Lying awake that night while Sophie slept, I kept seeing her hands and remembering the language school in Mexico where we met. In class she would eat sweet buns with small bites over the course of an hour all the while saying, “si, si, si,” and laughing her musical feathery laugh. With her right hand she worked a soft ball of pink putty, and I asked her how much it hurt. She said it depended on the weather: When it was cold the fluids in her bones thickened, and it was much harder to move.

She was thirteen when her family left Tennessee for Chicago. That winter, on the way to school, her glasses froze to her face. At night she woke up with pain in her hands so intense that she had to soak them in hot water before she could fall back to sleep. In the morning her mother took her face in her hands and kissed it, then led her into the bathroom saying, “You need a little colour, my love.”

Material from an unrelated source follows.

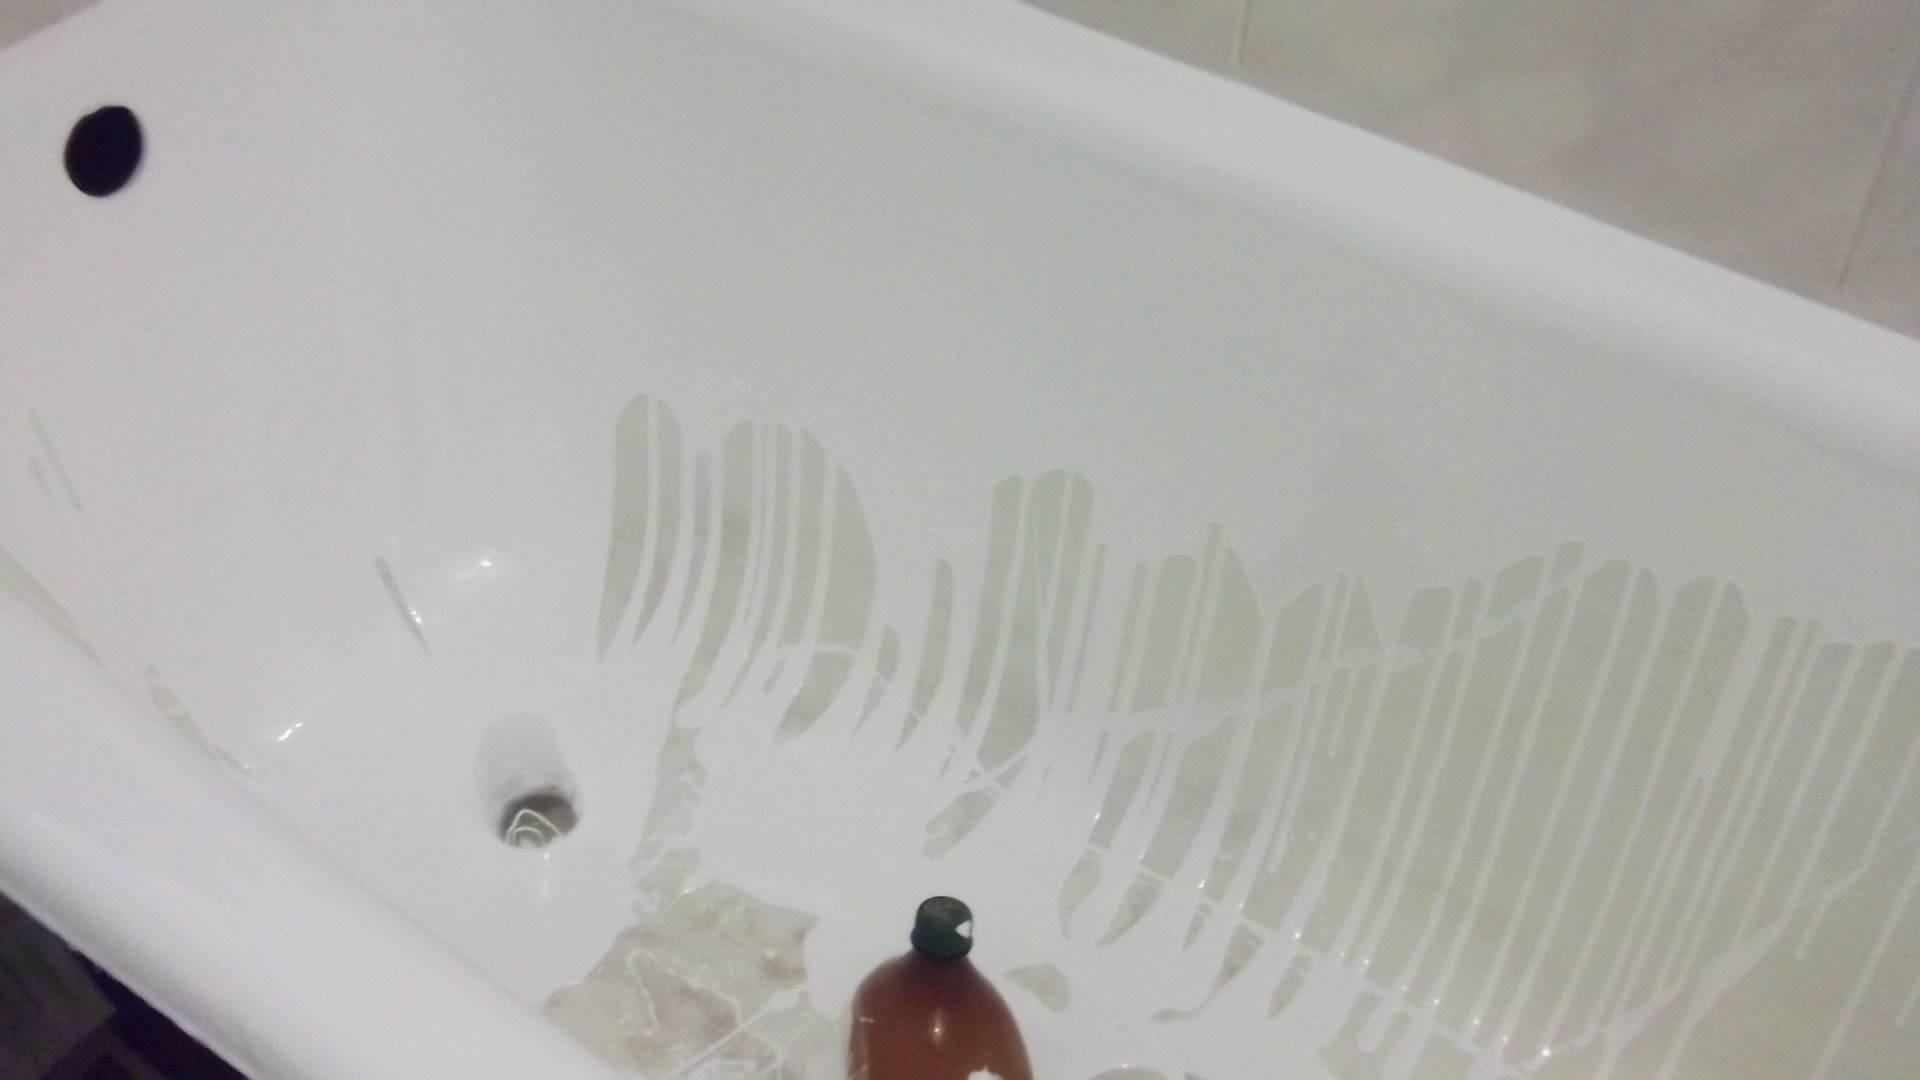 Реставрация ванн наливным акрилом, вкладышом или эмалью, цены в спб и москве, отзывы

Sophie was beautiful at thirteen and even more so when she got older. Her bones were her gift and her affliction. High cheekbones, a fine nose, a beautifully sculpted chin – and then hands, and soon feet, that resembled claws.

After she died, her sister called me.”She wanted you to have her makeup. Shall I send it to you?”

“It’s strange, isn’t it?”

“Yes.”

“We used to put on makeup together. That’s why.” Then, “What would you do?”

“I’m wearing some now.”

The makeup arrived in September. It was a disturbed, intemperate, exaggerated month. All the rain that hadn’t fallen since June was falling now. My skin took to the moisture, and I was careless and liberal with the other moisture as we only are when something is free. First I read the names of the various petals, herbs and oils, then I applied the German lotions at night and in the morning, thrilled by the luxury.

In October the weather went dry and flushed, and I fell down the back porch steps. I lay on the ground for a few minutes, my hands pressed against my head, and when I took them away they were wet with blood. Two weeks later I fell down the steps from the second floor to the first, pulling my arm out of its socket. Now my neck had a leftward crick and my right arm was as weak as Sophie’s. I went into my son’s room. He was sleeping, and I marvelled at the purple cast of his eyelids, the ivory paleness of his cheeks, the fine redness of his lips – fascinated that an old lover’s cool ivory skin was the skin of my sleeping boy. I drew up his blanket with my left hand.